Tuesday, August 4, 2009

Subway Stories 9: "Thanks, But I'm A Feminist"

I think we all know where this story's going. Johnny's standing on the 1 train, minding his own business, as always. The train stops at 50th Street and a rather mediocre-looking chick in her early twenties hops aboard. Fuck that—mediocre is far too generous. More like homely. Somehow, a nearby dude wearing a yarmulke felt otherwise. (Note how I didn't call it—in the words of Jon Stewart—a "Jew Beanie." *) He jumps out of his seat and insists she take it. What does she do? She responds coolly, "Thanks, but I'm a feminist."

Not quite the word that came to my mind.

Are you fucking kidding me, toots? First of all, you're not a feminist. You're an unattractive chick who "became" a feminist after your sophomore year at Wellesley when you caught your boyfriend from B.U. banging your hot roommate, Rachel. Secondly, if you had a body like Rachel you, too, would be banging guys left and right. Thirdly, you're a total bitch to call out Jew Beani--I mean, Yarmulke Boy like that in front of everyone on the train. A simple "no thanks" would've sufficed. No one was asking for your life story. Fourthly, I'm a bitch for taking the seat that was offered to you.

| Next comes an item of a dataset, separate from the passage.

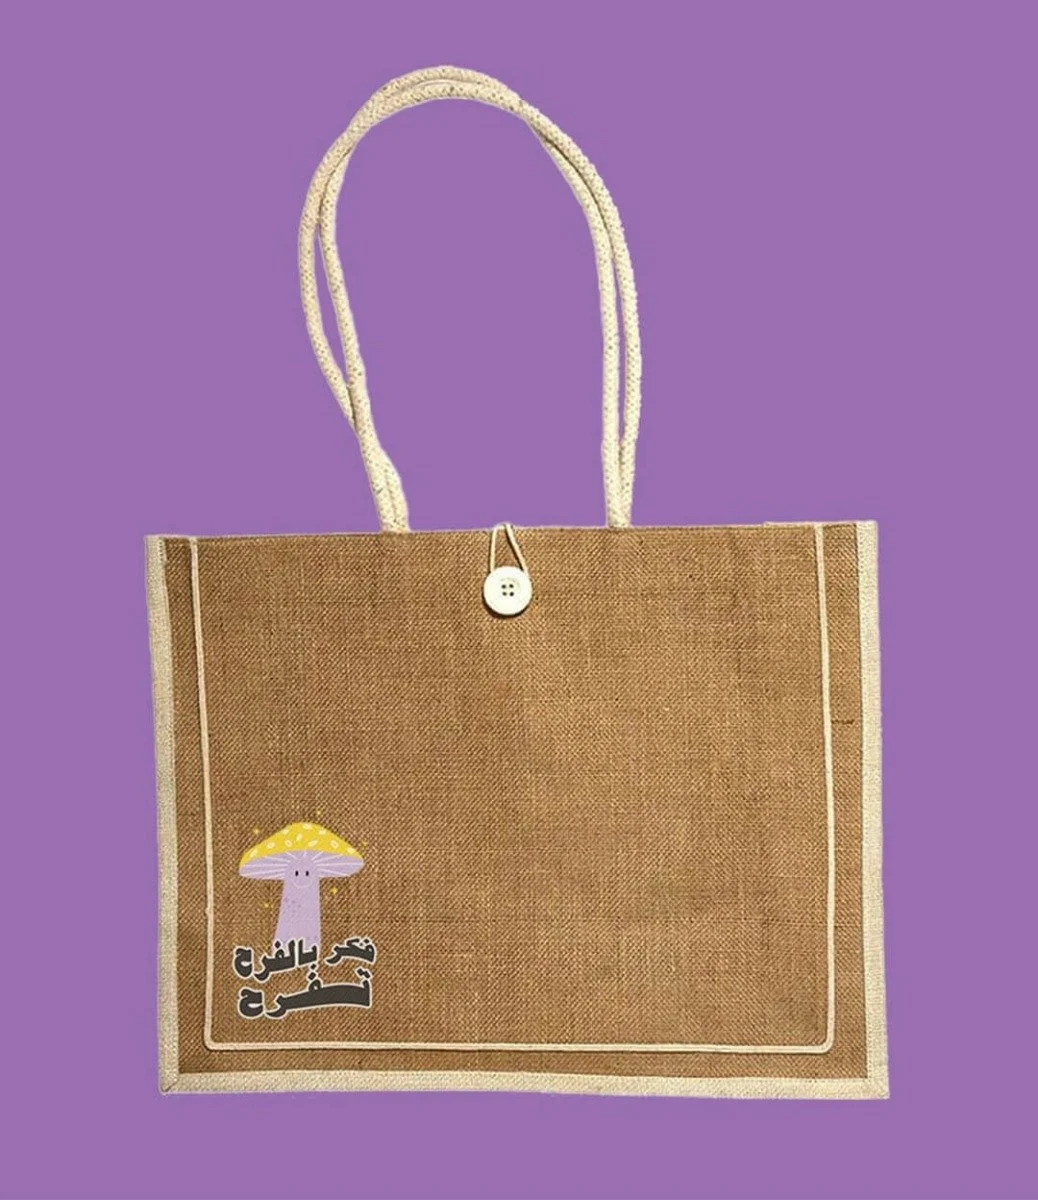 حقيبة جوت بيتش توتي للنساء، قابلة لإعادة الاستخدام مع مقبض تصميم فكر بالفرح تفرح

After all, Johnny ain't no feminist.

* If it sounds like I'm looking for a pat on the back...that's because I am. You might find this hard to believe, but Johnny once got thrown out of a Bar Mitzvah (Ravi Nessman, Temple Beth Tikvah, 4/26/86) for playing yarmulke frisbee—shit, could those things fly!—with a fellow disrespectful Gentile.